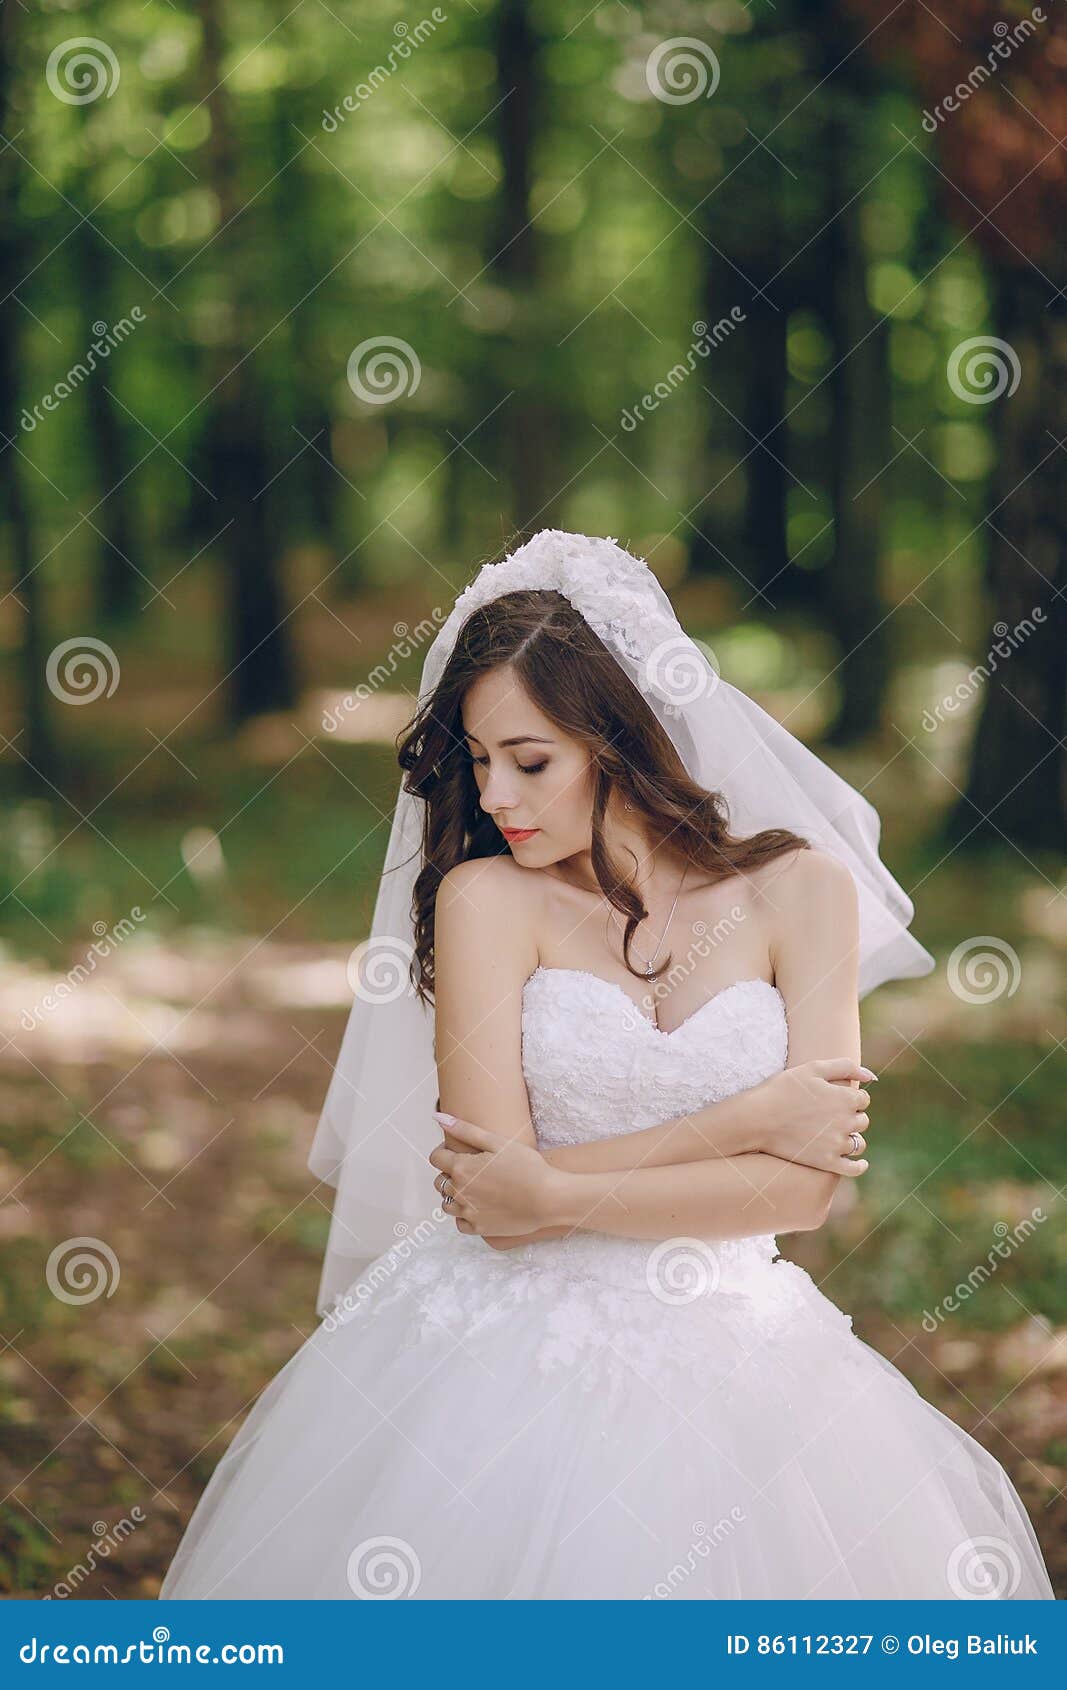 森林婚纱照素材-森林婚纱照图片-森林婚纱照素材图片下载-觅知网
· · ·
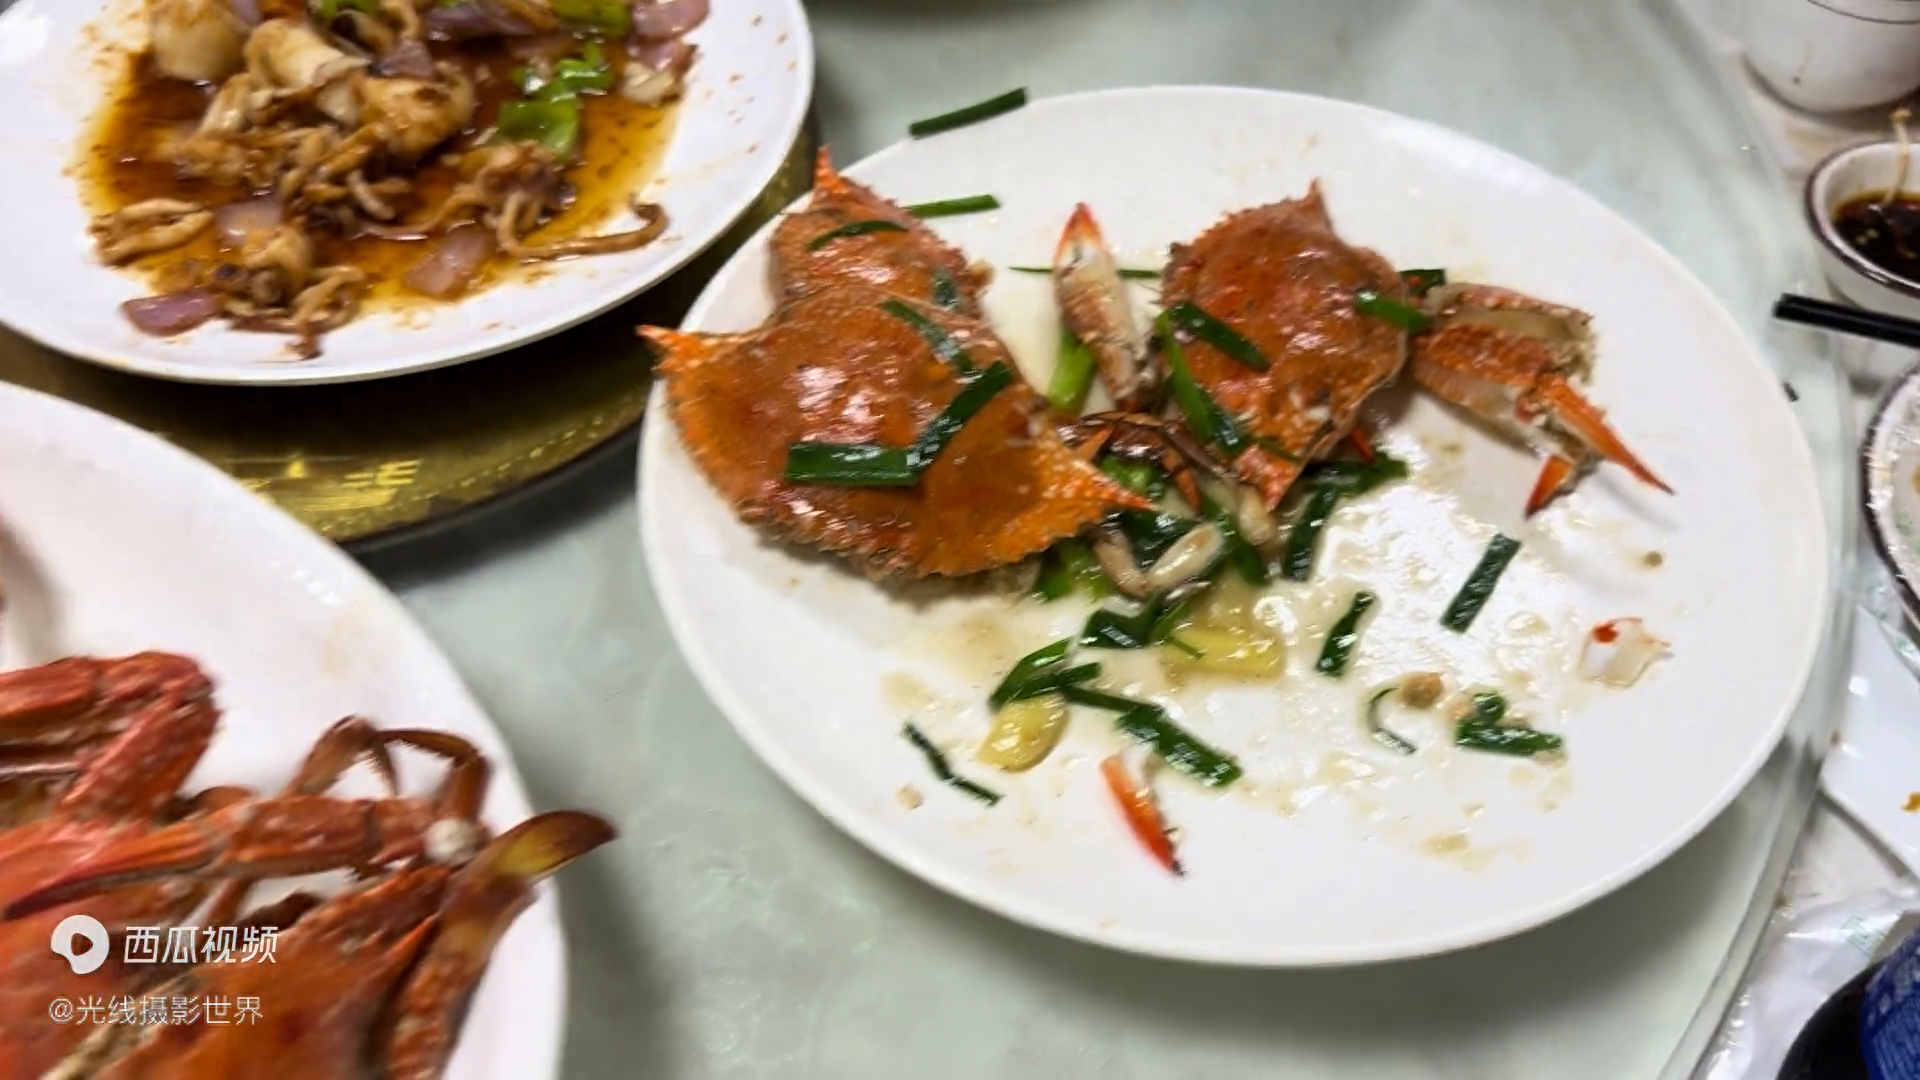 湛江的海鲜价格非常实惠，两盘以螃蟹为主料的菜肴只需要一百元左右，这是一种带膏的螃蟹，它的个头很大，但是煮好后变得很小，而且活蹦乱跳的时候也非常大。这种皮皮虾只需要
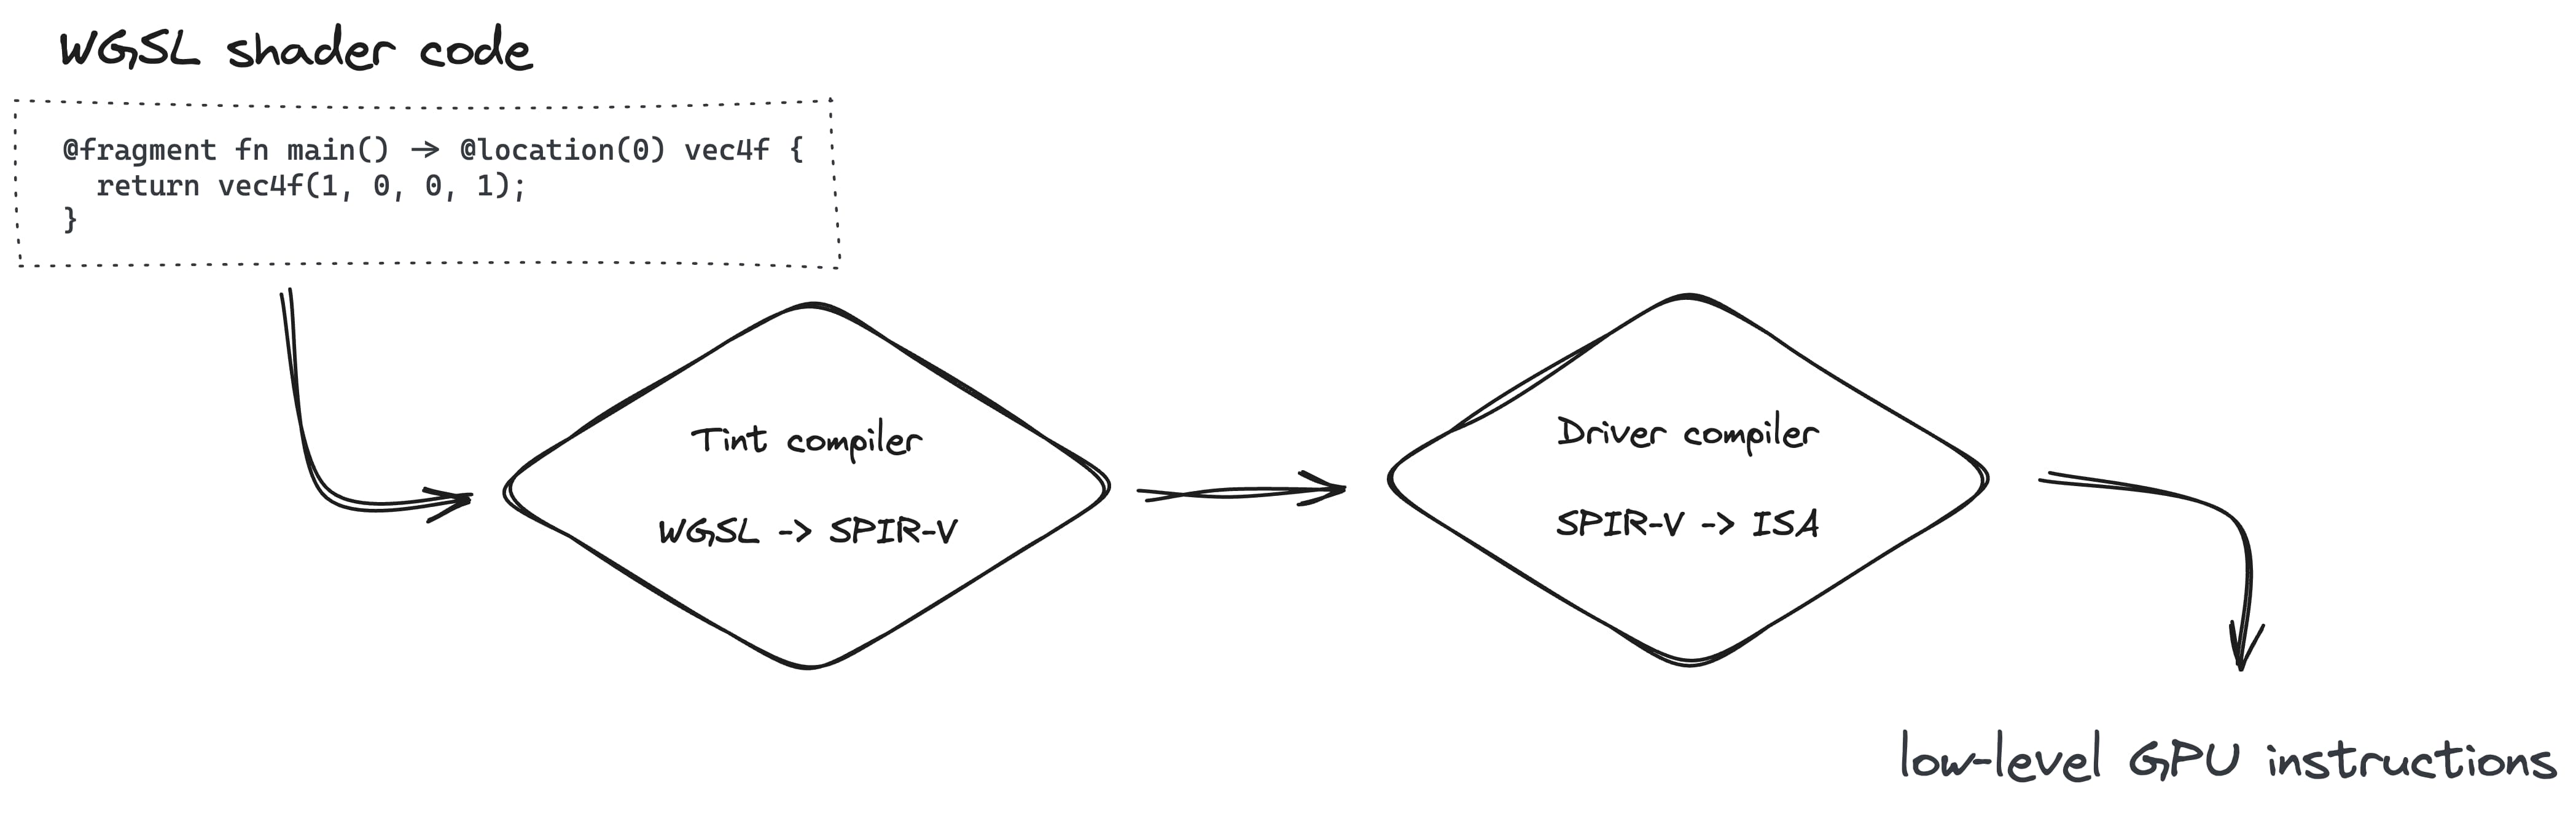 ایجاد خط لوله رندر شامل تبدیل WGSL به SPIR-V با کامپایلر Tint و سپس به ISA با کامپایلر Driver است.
· · ·
## EXERCISE AIM
Quote the lines above exactly, starting with the one that has "湛江的海鲜价格非常实惠，两盘" and ending with the one that has "ایجاد خط لوله"; drop the pictures and include nothing else.

## SOLUTION TO THIS PROBLEM
 湛江的海鲜价格非常实惠，两盘以螃蟹为主料的菜肴只需要一百元左右，这是一种带膏的螃蟹，它的个头很大，但是煮好后变得很小，而且活蹦乱跳的时候也非常大。这种皮皮虾只需要
 ایجاد خط لوله رندر شامل تبدیل WGSL به SPIR-V با کامپایلر Tint و سپس به ISA با کامپایلر Driver است.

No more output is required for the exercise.